There's nothing new about roil -- it has been around since Shakespeare's time as a slightly recondite synonym for "churn up" or "perturb." But when I did a search in a collection of major newspapers, it turned out the verb is more than nine times as frequent now as it was twenty years ago, even when you correct for the changing size of the database -- in fact it's up thirty percent in just the last year. That's a remarkable pop, all the more since there's no external reason for it -- I mean, it isn't as if the world is nine times more turbulent than it was in 1982. But then roil was tailor-made for recycling as a newspaper vogue word -- a bit recherché and poetic, but not so obscure that readers can't pick up a general sense of disruption. It's a favorite of headline writers -- not surprising, given that it only has four letters, two of them skinny ones: "Migrant Pickers Roil Watermelon Capital," "Anger and Isolation Roil Israeli Arabs," or "Greenspan Remarks Roil Markets" -- the stock markets alone account for about 15 percent of all the roilees in the press. But reporters use the verb in all sorts of stories, and in all sorts of ways. Sometimes roil seems to be a synonym for rile or roll, or even reel, as in "The mind roils." But then, a certain murkiness of meaning seems just about right for roil.

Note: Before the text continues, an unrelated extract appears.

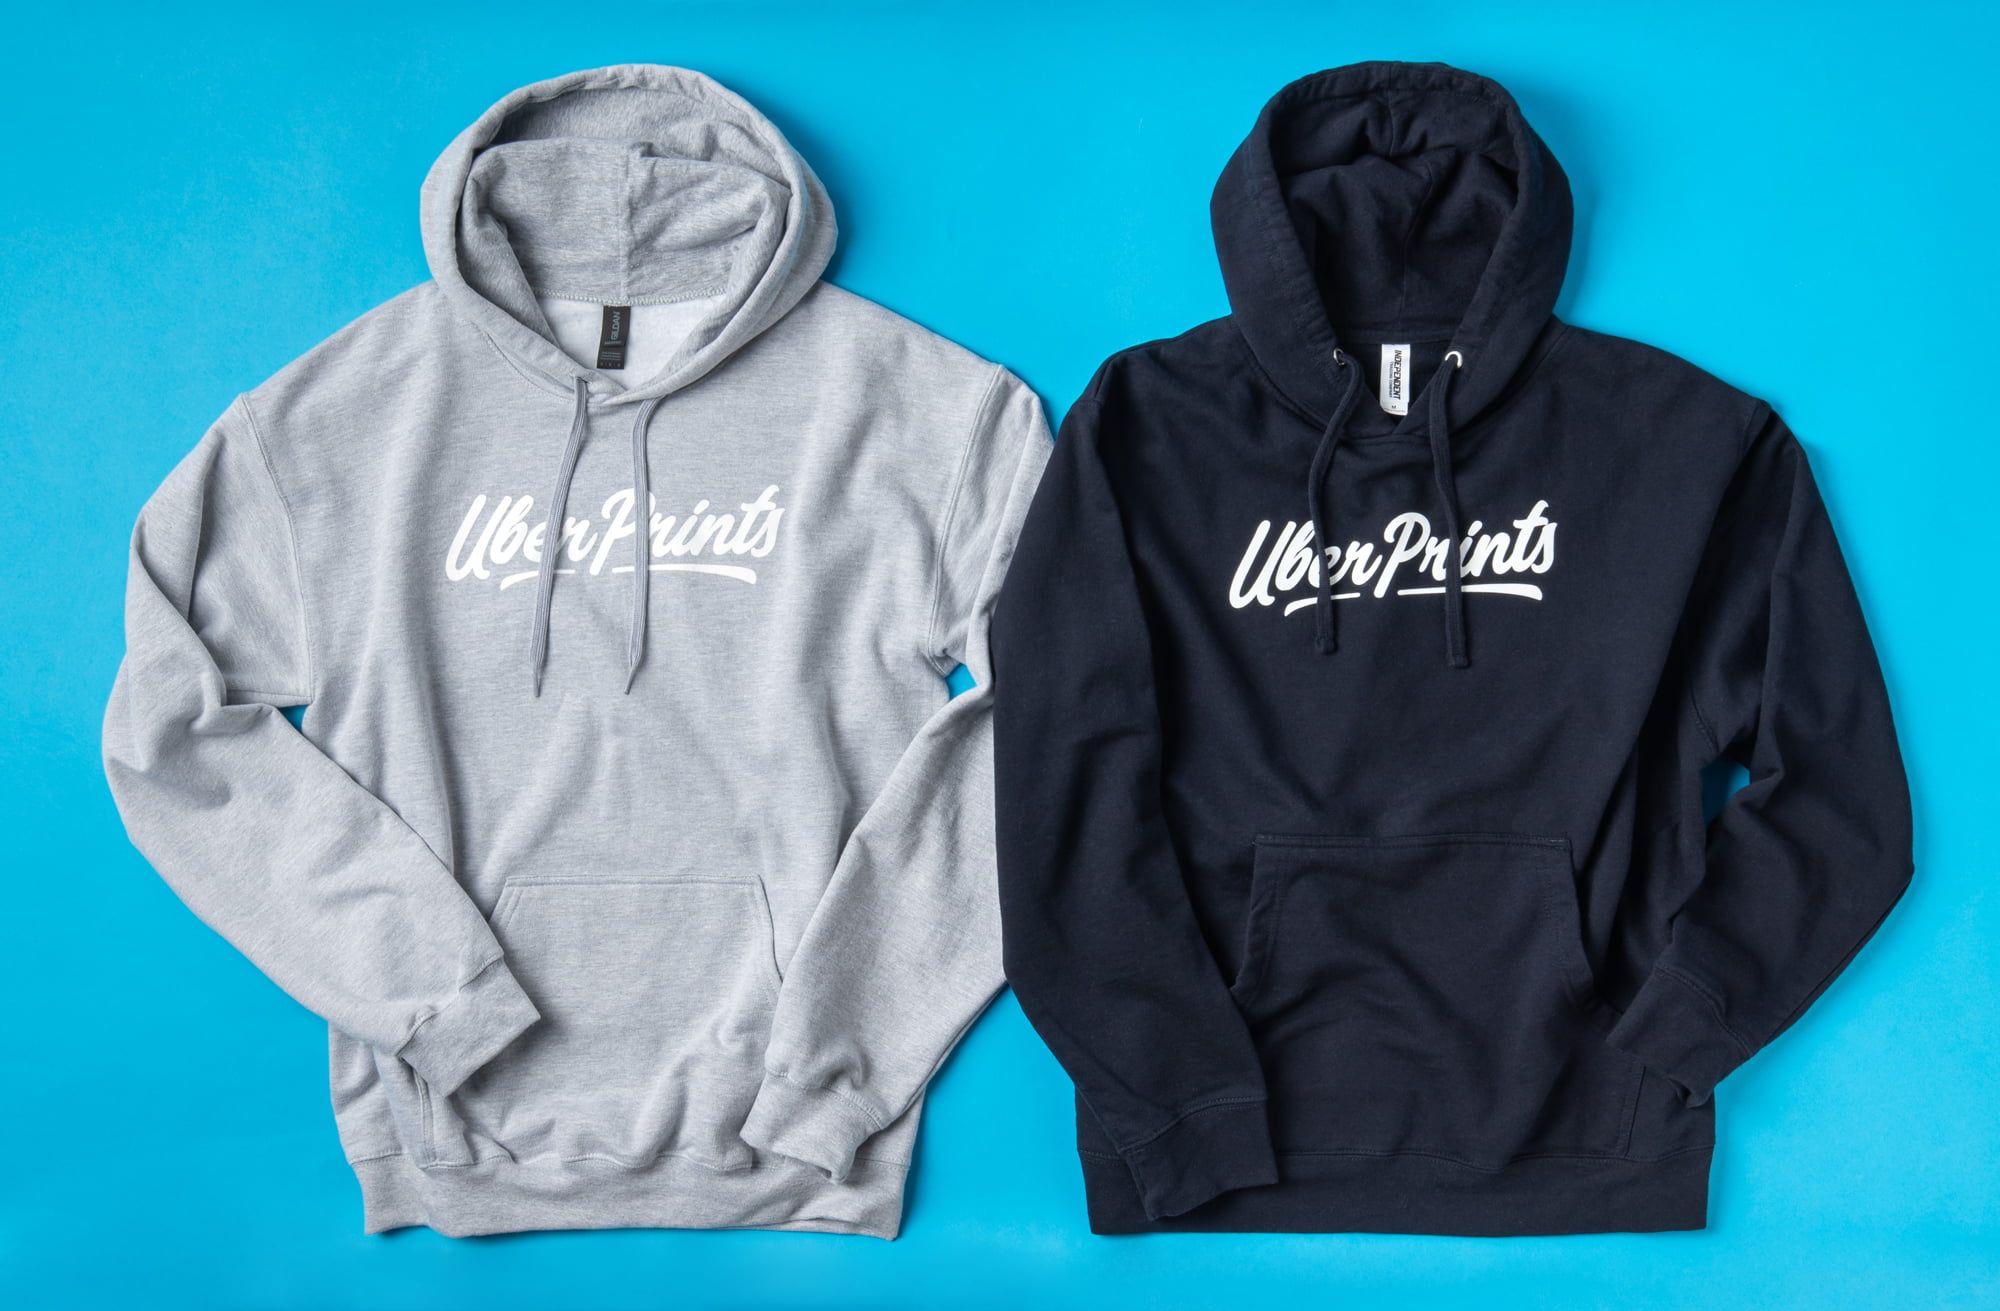 Flat top down view of the Basic Hoodie and the Premium Hoodie

You don't hear roil a lot in everyday conversation. It isn't really a word of American English at all -- it belongs to the patois of that exotic alter-America that we read about in the newspapers, a world populated by strongmen, fugitive financiers, and troubled teens, where ire is always being fueled until violence flares, spawning hatred and stirring fears until hopes are dashed. The Associated Press's Jack Cappon once imagined how it would sound if ordinary people actually used journalese in their conversation over the backyard fence:
"Joe, my concern has been escalating for weeks
. Whats triggering our area youths, who keep sparking confrontations?

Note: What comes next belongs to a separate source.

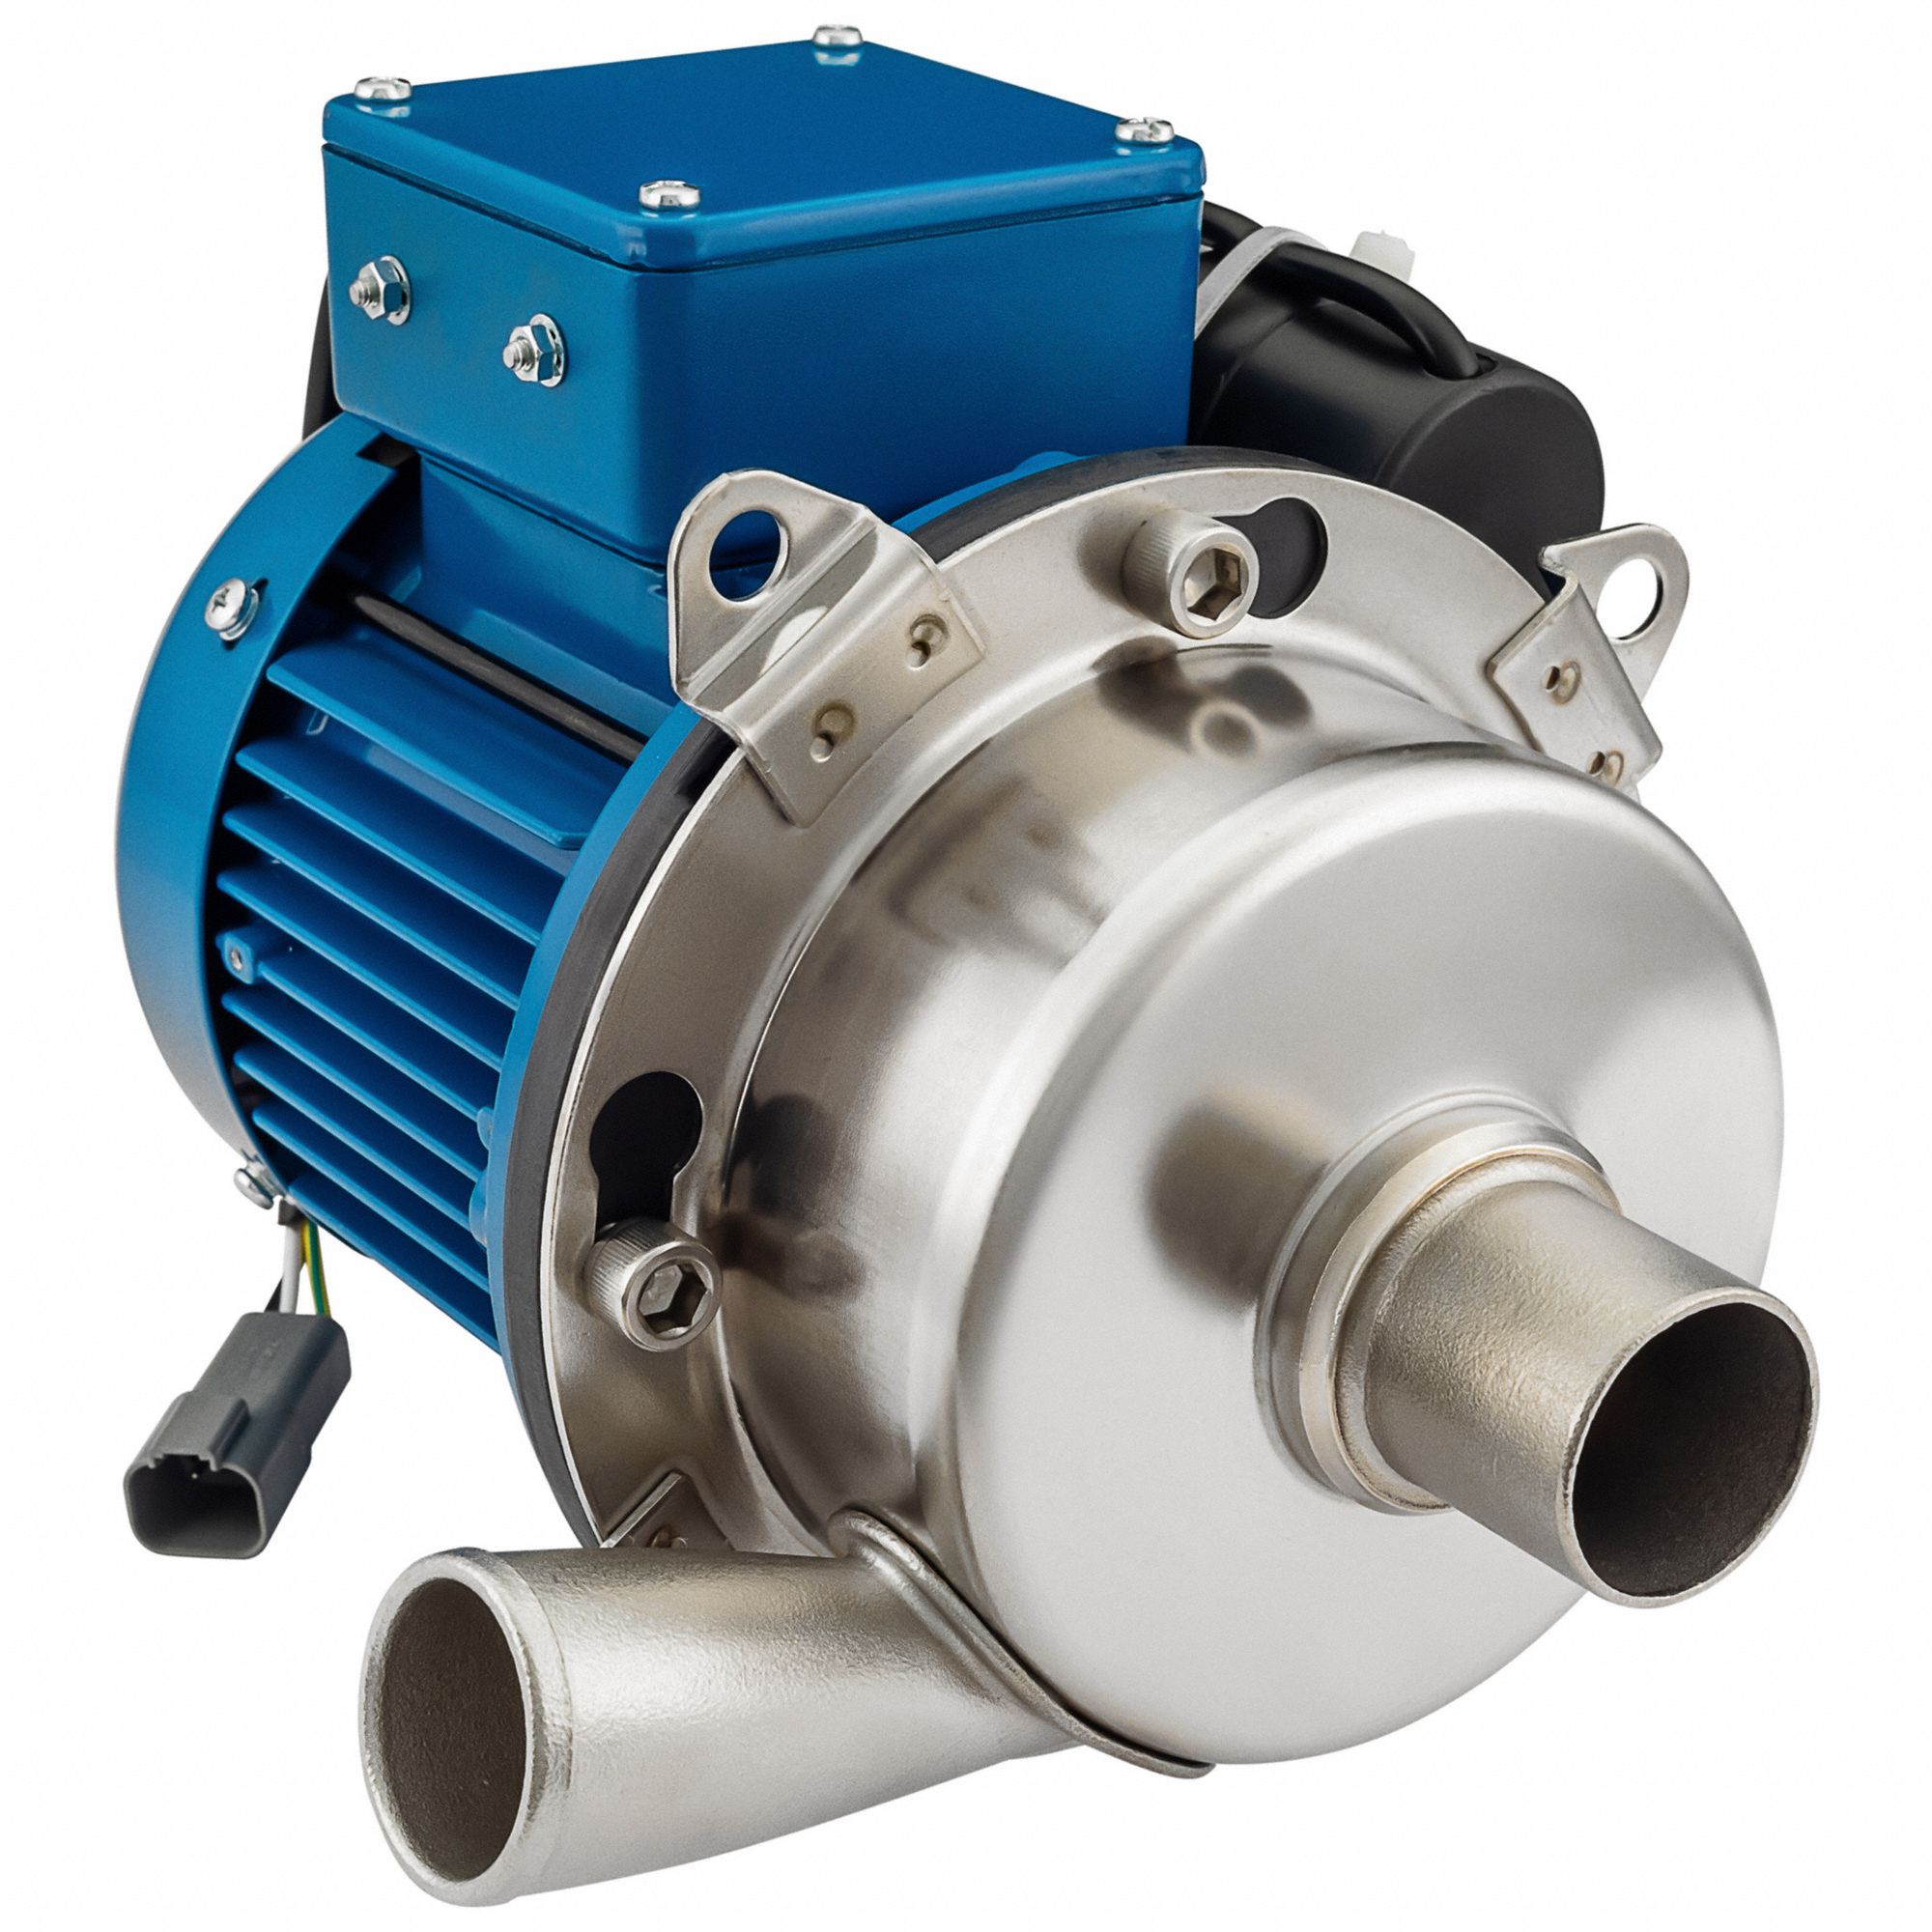 Centrifugal Pump: 1 hp, 115/230V AC, 64 ft Max Head, 1 1/2 in , 1 1/2 in Intake and Disch

"Well, Bill, they certainly shattered the stillness of this affluent neighborhood with their drug-related pre-dawn rampage."
This is a venerable dialect. It has been around ever since the mass circulation penny newspapers first appeared around a hundred and fifty years ago -- the garish, sensational dailies that Dickens satirized in Martin Chuzzlewit under names like The Sewer, The Stabber, and The New York Rowdy Journal. Granted, the language of the press has gotten more sedate in recent times, now that most of the tabloids have folded and reporters have taken to drinking chardonnay and cosmopolitans. Yet modern newspaper diction still evokes the language of the theatrical melodramas that became popular around the same time as the penny press. It's a tone which disappeared from serious fiction around the 1920's, and which you don't even hear much in hard-boiled detective stories nowadays. In fact the only place other than newspapers where you routinely run into verbs like roil is in gothic romances and especially pornography, where synonyms for "churn" are always in high demand.
Editors are always deploring the excesses of journalese, but for every embellishment they manage to discourage, three new ones spring up in its place. Along with the spectacular growth of roil, for example, the last twenty years have seen sevenfold increases in the use of ratchet and slated: "As tensions ratchet up, new peace talks are slated for next month."
Reporters tell you that they choose words like roil and ratchet because they were taught in journalism classes that they should try to use action words. Saying that the mayor's decision roiled voters feels more vivid than merely saying that the decision troubled them -- it makes it sound as if something has actually taken place since the last edition. The facts may be the same one way or the other, but then journalists know that what sells papers isn't facts but stories -- the more dramatic and sanguinary, the better. As a newspaper maxim has it, "If it bleeds, it leads." You can't affect what happened at the city council meeting last night, but you can at least describe it in the same language you'd use to summarize the plot of an Indiana Jones movie -- "Embattled Mayor Rips Foes as Deadline Looms." That headline could appear as easily in The New York Times as in the New York Rowdy Journal; it's just the way the press makes the world sound newsworthy. Melodrama and news -- the two were born at the same moment, and they've been talking in the same voice ever since.